Developing Molecular Switches
Developers hope to use graphene technology to deliver a new class of electronic components that promote further miniaturization and pave the way for promising sensing, optoelectronic and flexible-device applications.
November 1, 2018
Scientists from Graphene Flagship, a European research initiative, have extended the limits of nanotechnology by combining graphene’s properties with precision molecular chemistry to develop a way to create and validate molecular switches.
These light-responsive, graphene-based mechanisms promise to help the fabrication of multifunction devices whose electrical output can be manipulated through use of external stimuli. Developers hope to use this technology to deliver a new class of electronic components that promote further miniaturization and pave the way for promising sensing, optoelectronic and flexible-device applications.
Controlling Molecular Events
Until recently, a significant shortcoming of nanotechnology has been the inability to precisely manipulate the electrical output in solid-state devices through the control of molecular events. To address this issue, developers sought to fabricate multifunctional devices whose electrical conductance could be adjusted by exploiting unique functions encoded in specific molecular groups.
Researchers have conducted studies using photochromic molecules, which can switch between two stable states when exposed to light in specific wavelengths. The results showed that these molecules allow the use of light to modulate the electrical characteristics of solid-state devices. Of particular interest, some exercises indicated the possibility of exploiting photochromic molecules to modulate the conductance of semiconductive materials, which could eventually lead to light-switchable macroscopic devices.
Unfortunately, in these cases, the switching process was inferred, based on electrical characterization, without real-space visualization of the supramolecular structural changes. As a result, scientists have found it difficult to validate the working mechanism of these switches, meaning the electrical effects measured at the device level could not be rationalized.
Building a Molecular Switch
The Graphene Flagship research team has addressed these shortcomings by designing a molecule that undergoes chemical transformations when illuminated by ultraviolet and visible light. The researchers found that by anchoring the molecule to the surface of 2D materials, such as graphene or molybdenum disulfide, they generated an atomically precise macroscopic superlattice—in this case, a structure of layers made up of two materials. The superlattice undergoes structural rearrangement when illuminated.
This switching event can be observed with a sub-nanometer resolution using a scanning tunneling microscope. This way, the technology provides visual verification of the transformation, taking validation beyond electrical characterization.

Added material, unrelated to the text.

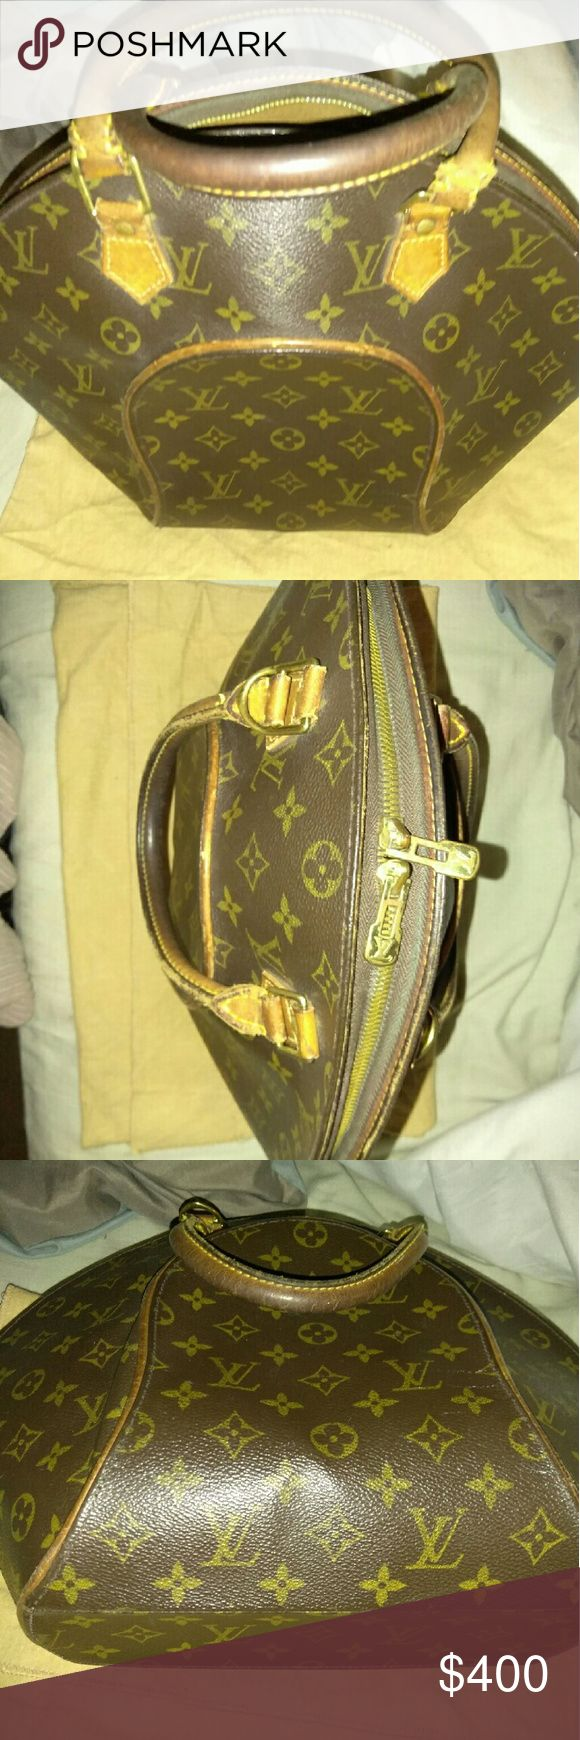 Louis Vuitton Eclipse medium Vintage condition. Minor stains, awesome buy! Louis Vuitton Bags Satchels
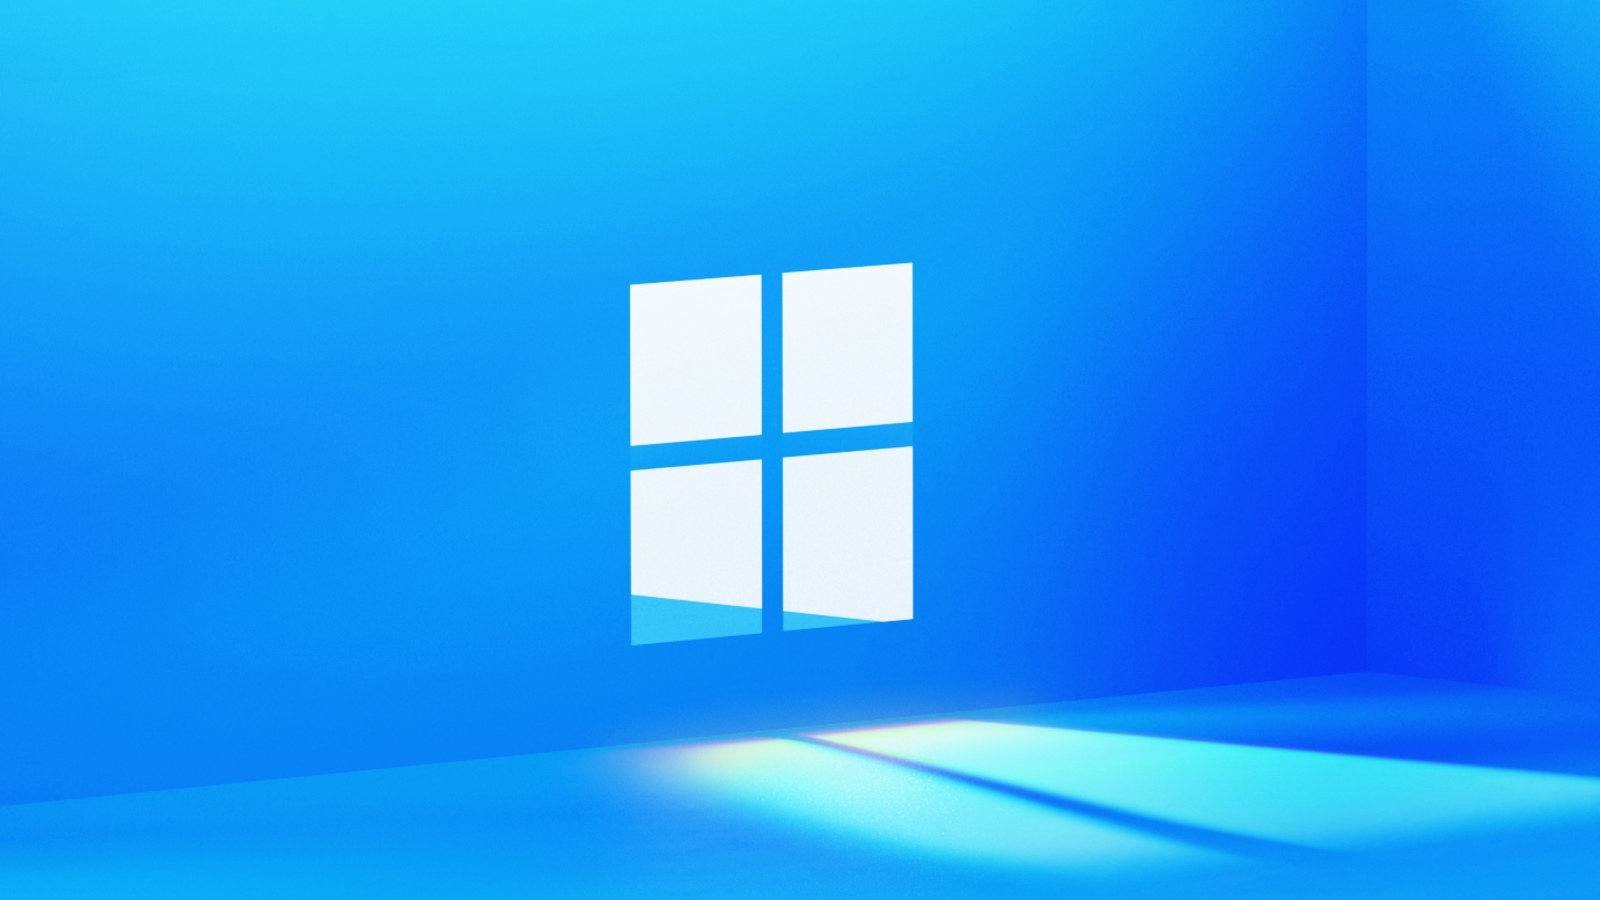 Microsoft to announce successor to Windows 10 on June 24

Equally significant, the light-induced molecular reorganization triggers large changes in the macroscopic electrical properties of the hybrid device. The molecule-graphene superlattice converts single-molecule events into a switching action that generates a macroscopic electrical response.
This technique promises to allow scientists to exploit the collective switching events occurring in the hybrid superlattices to trigger large-scale, reversible modulation of the electrical properties of opto-electronic devices.
Technology’s Potential Impact
To understand how this will impact electronics in general, and devices like sensors specifically, review the two main components.
Two-dimensional materials such as graphene offer large surface-to-volume ratio, unique optical properties, high electrical conductivity, ultra-high surface sensitivity and high carrier mobility and density. Combined, these qualities provide a rich medium for the interplay between molecular assembly on the materials’ surfaces and electrical transport in devices. Researchers also found that graphene facilitated the hybridization process by enabling them to arrange well-defined molecular groups at predetermined locations, with atomic precision, tailoring supramolecular architectures.
Regarding nanosensor development, all attributes are greatly beneficial for sensing functions. For example, graphene’s large surface area enhances surface loading of molecules, and its excellent conductivity and small band gap can facilitate conducting electrons between molecules and the electrode surface. These characteristics promise to make graphene-based devices more sensitive, enable them to detect smaller changes in relevant physical properties and work quicker than traditional sensors.
As for the molecular photoswitch, the ability to tailor molecular superlattices promises to open the door for the development of various new materials that sport tunable and responsive properties.